Give back the full listing verbatim, apart from its images.
____ Recorded data
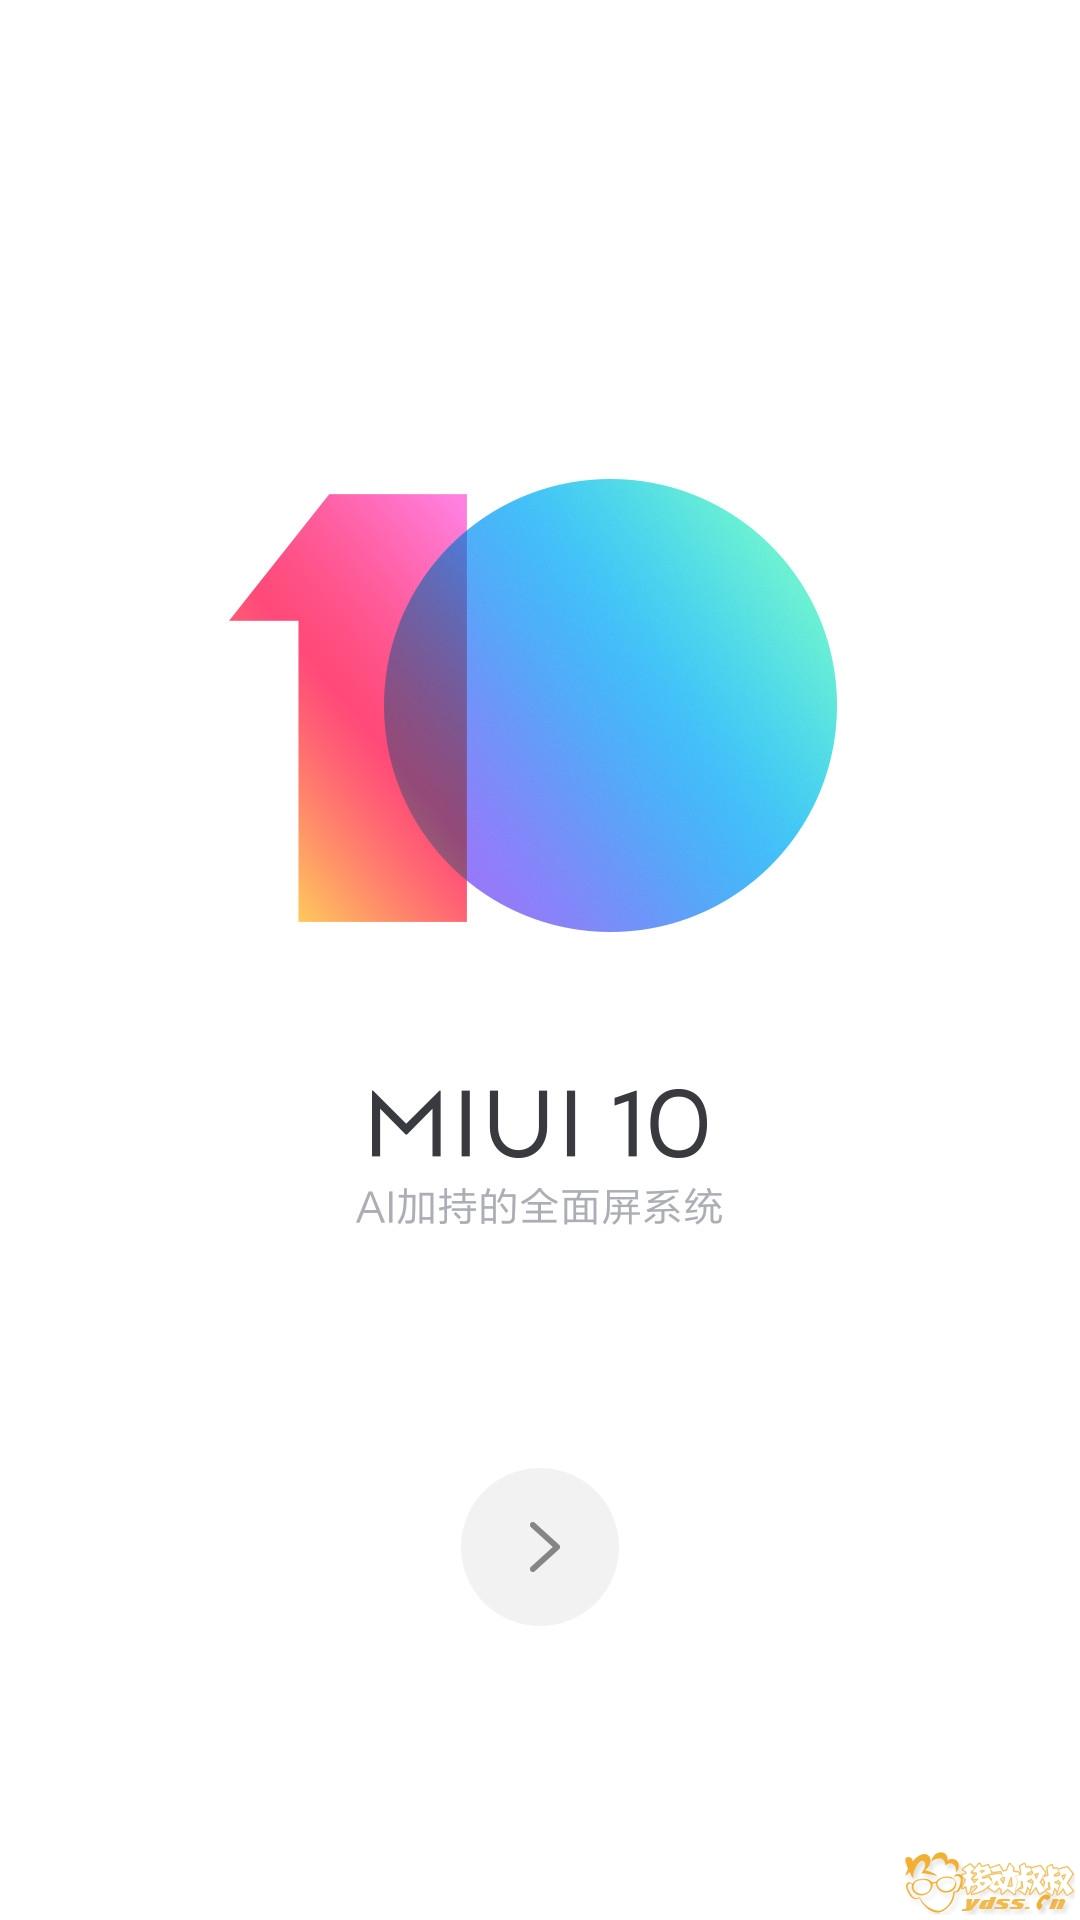 Screenshot_2018-07-04-17-03-31-538_com.android.provision.jpg
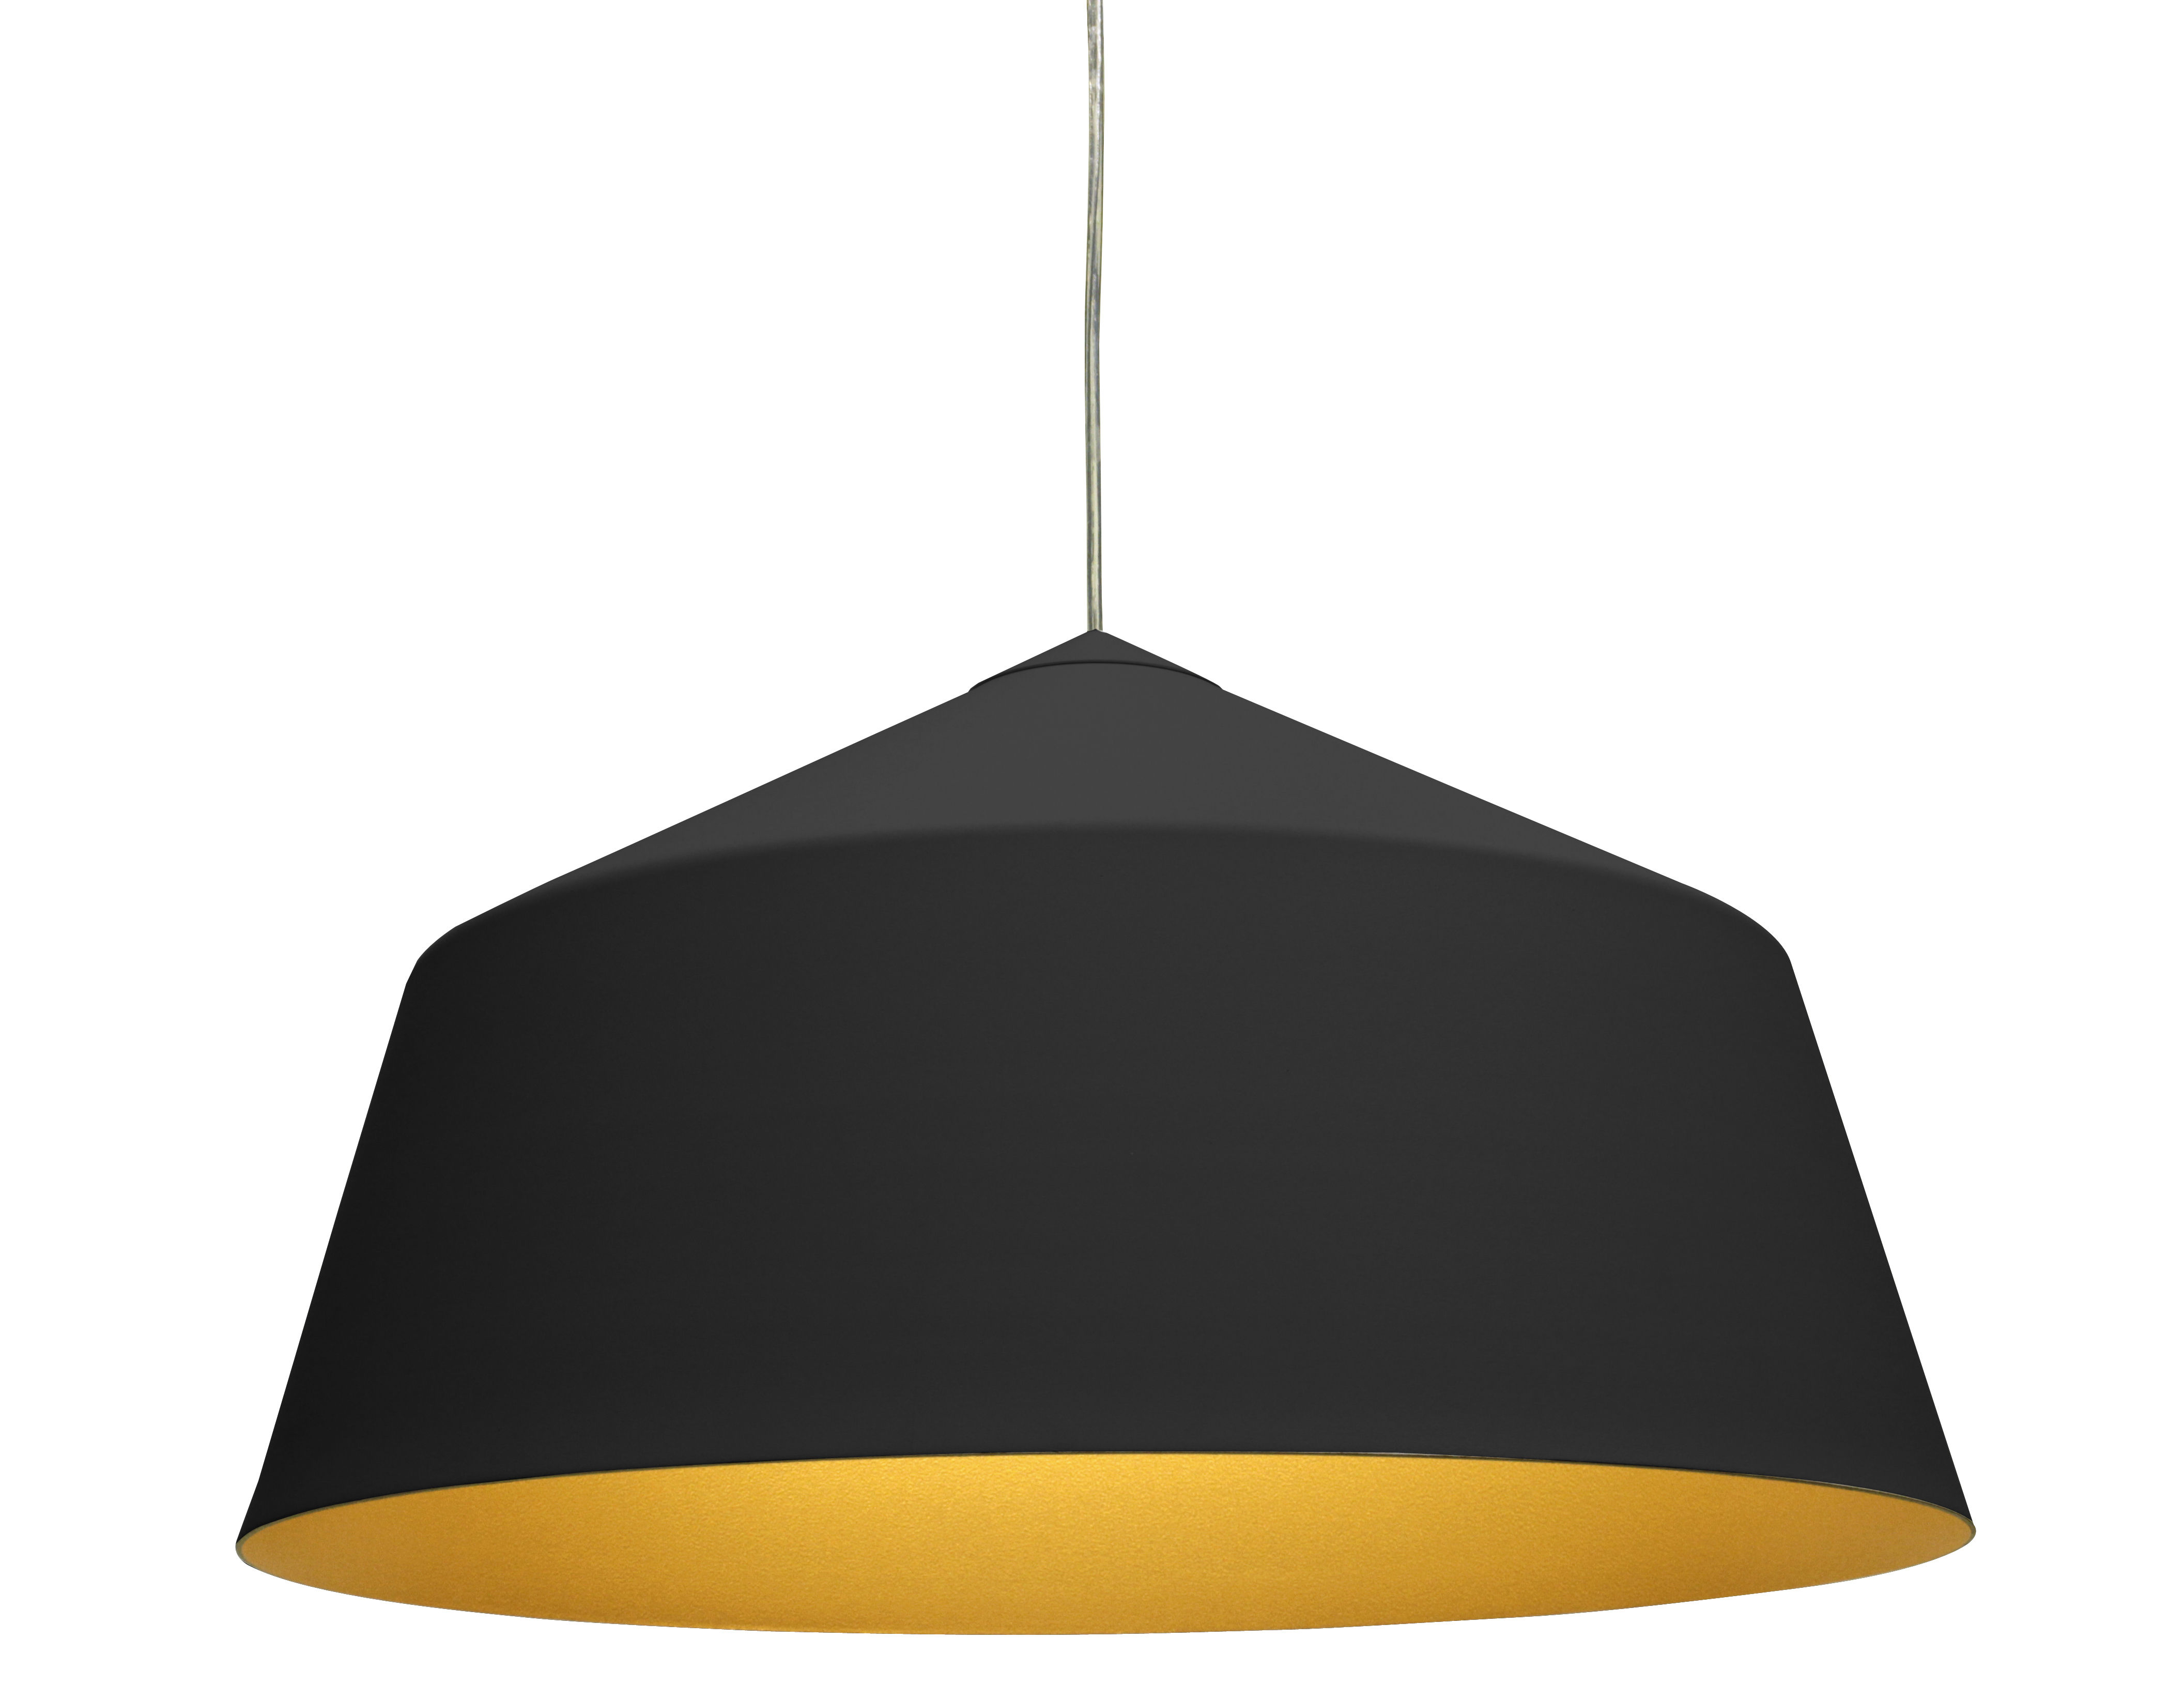 Lighting - Pendant Lighting - Circus Large Pendant - Ø 56 x H 31 cm by Innermost - Ø 56 cm - Matt black / Antique gold metallic inside - Aluminium
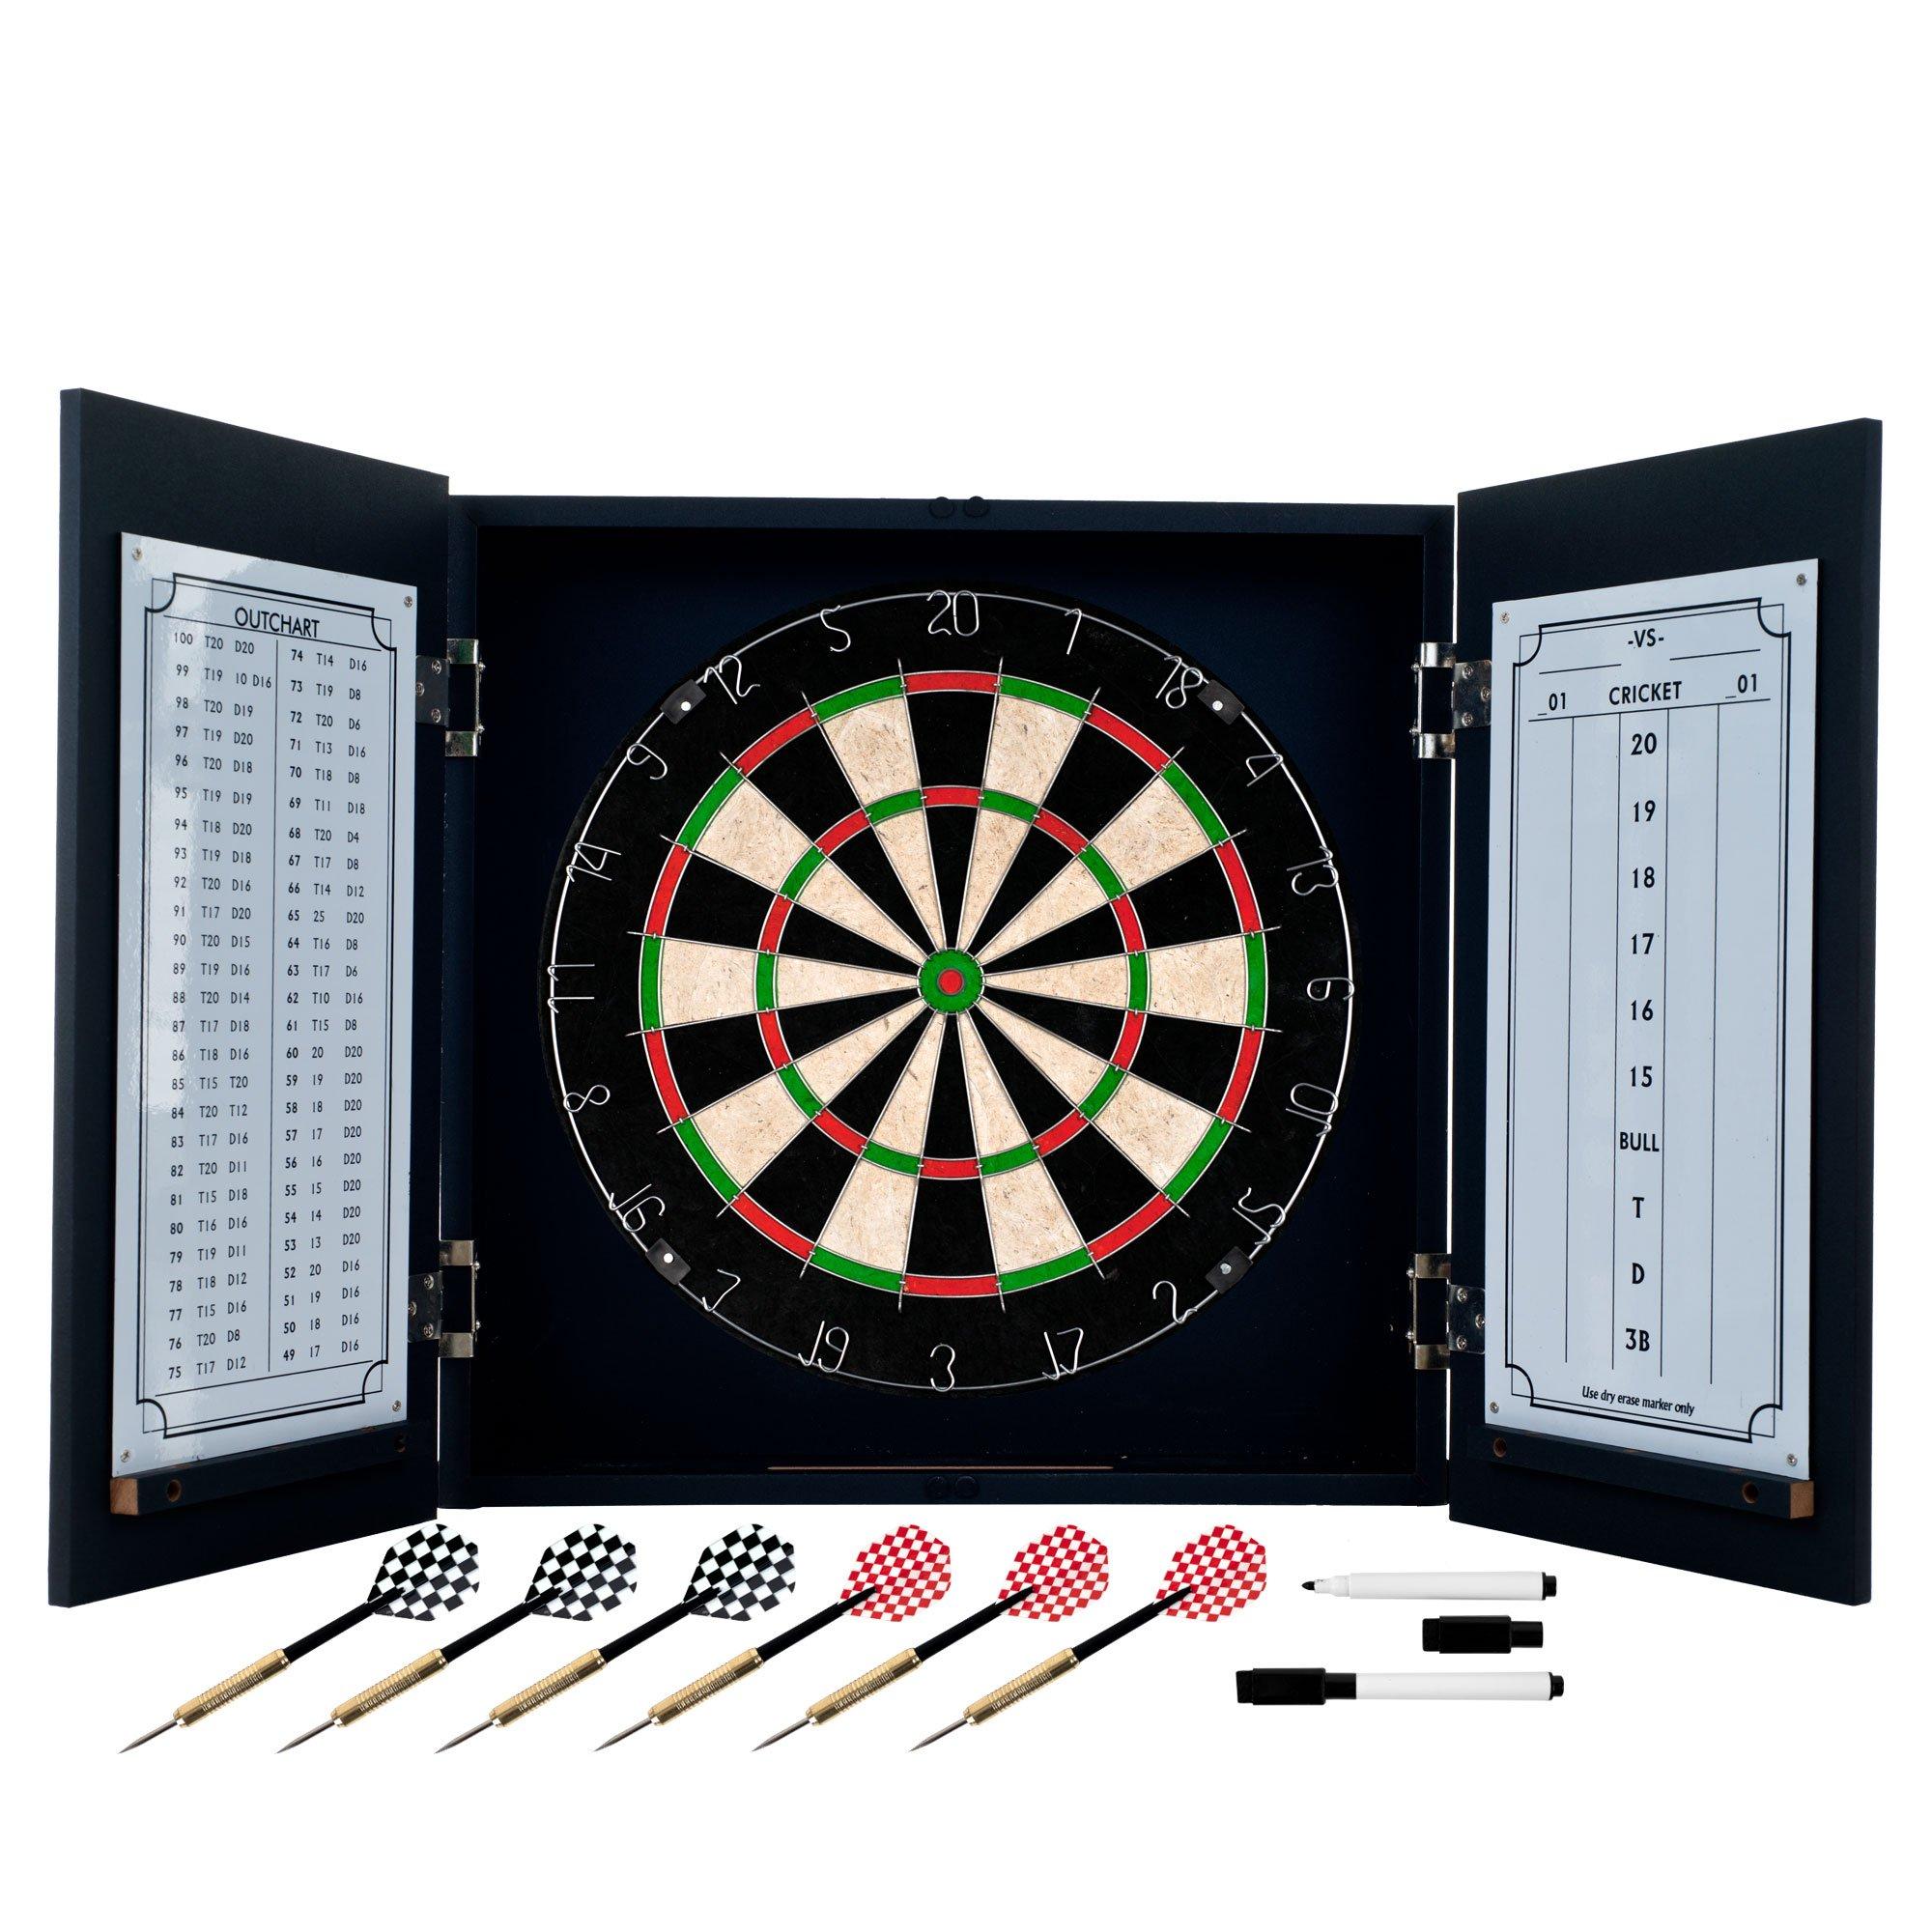 TG Laminate Dart Cabinet Set (Black, 3.5 x 19.5 x 20-Inch)
________
* _Output for this task_:
 Screenshot_2018-07-04-17-03-31-538_com.android.provision.jpg
 Lighting - Pendant Lighting - Circus Large Pendant - Ø 56 x H 31 cm by Innermost - Ø 56 cm - Matt black / Antique gold metallic inside - Aluminium
 TG Laminate Dart Cabinet Set (Black, 3.5 x 19.5 x 20-Inch)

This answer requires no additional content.